- SUPPLIED INFORMATION

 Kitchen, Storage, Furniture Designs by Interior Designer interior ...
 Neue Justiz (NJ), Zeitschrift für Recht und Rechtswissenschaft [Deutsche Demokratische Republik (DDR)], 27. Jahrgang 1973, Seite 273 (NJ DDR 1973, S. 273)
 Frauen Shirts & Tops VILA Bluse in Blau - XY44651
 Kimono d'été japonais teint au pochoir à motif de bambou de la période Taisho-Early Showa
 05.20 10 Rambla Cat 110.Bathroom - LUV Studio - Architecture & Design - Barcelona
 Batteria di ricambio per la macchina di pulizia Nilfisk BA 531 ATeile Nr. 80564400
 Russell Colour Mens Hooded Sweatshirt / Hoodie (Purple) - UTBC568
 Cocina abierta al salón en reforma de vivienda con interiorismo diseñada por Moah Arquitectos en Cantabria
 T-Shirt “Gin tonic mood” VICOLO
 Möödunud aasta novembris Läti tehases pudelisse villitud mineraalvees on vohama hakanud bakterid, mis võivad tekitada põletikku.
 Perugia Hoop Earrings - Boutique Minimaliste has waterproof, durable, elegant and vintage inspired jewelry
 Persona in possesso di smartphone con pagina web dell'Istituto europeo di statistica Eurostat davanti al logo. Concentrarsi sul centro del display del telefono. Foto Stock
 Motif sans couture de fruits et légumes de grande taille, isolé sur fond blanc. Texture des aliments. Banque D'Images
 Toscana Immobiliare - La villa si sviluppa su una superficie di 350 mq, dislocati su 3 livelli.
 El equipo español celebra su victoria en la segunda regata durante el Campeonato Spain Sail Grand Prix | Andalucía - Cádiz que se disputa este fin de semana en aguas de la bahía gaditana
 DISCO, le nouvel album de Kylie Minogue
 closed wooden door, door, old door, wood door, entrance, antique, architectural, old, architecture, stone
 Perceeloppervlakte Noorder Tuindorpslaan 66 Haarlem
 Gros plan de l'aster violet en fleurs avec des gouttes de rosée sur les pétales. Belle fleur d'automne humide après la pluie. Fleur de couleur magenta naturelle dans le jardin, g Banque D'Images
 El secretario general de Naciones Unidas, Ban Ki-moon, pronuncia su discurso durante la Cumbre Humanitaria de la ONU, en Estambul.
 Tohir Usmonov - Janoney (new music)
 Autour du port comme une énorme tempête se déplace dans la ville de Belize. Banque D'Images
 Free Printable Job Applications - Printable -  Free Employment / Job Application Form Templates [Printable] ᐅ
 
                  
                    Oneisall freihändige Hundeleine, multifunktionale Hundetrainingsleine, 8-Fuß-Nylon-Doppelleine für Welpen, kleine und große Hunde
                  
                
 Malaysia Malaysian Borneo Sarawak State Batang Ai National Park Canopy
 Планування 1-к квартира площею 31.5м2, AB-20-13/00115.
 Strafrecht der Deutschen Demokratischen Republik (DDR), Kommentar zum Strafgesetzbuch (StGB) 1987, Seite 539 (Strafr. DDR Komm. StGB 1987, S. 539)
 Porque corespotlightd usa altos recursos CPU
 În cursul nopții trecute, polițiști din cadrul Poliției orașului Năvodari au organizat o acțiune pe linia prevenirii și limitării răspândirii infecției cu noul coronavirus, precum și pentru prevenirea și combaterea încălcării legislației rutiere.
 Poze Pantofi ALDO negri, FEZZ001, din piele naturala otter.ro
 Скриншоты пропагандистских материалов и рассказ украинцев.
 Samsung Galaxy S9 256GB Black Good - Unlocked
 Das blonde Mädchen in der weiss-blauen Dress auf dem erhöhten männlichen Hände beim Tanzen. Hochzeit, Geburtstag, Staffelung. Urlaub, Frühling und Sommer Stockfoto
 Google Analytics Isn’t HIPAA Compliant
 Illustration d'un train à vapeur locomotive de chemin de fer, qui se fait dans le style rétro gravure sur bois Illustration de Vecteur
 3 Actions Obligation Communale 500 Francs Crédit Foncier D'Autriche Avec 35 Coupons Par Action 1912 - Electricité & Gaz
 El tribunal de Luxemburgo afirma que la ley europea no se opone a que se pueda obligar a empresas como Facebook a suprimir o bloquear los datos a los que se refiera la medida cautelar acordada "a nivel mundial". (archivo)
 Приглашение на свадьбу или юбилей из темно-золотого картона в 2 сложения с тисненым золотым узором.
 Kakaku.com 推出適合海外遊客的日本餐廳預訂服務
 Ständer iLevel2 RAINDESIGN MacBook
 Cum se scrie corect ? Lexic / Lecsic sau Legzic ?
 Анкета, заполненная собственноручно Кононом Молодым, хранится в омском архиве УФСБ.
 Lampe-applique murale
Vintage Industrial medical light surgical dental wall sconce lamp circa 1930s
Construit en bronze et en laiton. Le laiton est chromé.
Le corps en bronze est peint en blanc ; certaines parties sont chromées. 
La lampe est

- GOAL OF THE EXERCISE
All that is wanted is a faithful reproduction of the line above with "Möödunud aasta novembris", the line with "Perugia Hoop Earrings", and every line in between.

- TASK OUTPUT
 Möödunud aasta novembris Läti tehases pudelisse villitud mineraalvees on vohama hakanud bakterid, mis võivad tekitada põletikku.
 Perugia Hoop Earrings - Boutique Minimaliste has waterproof, durable, elegant and vintage inspired jewelry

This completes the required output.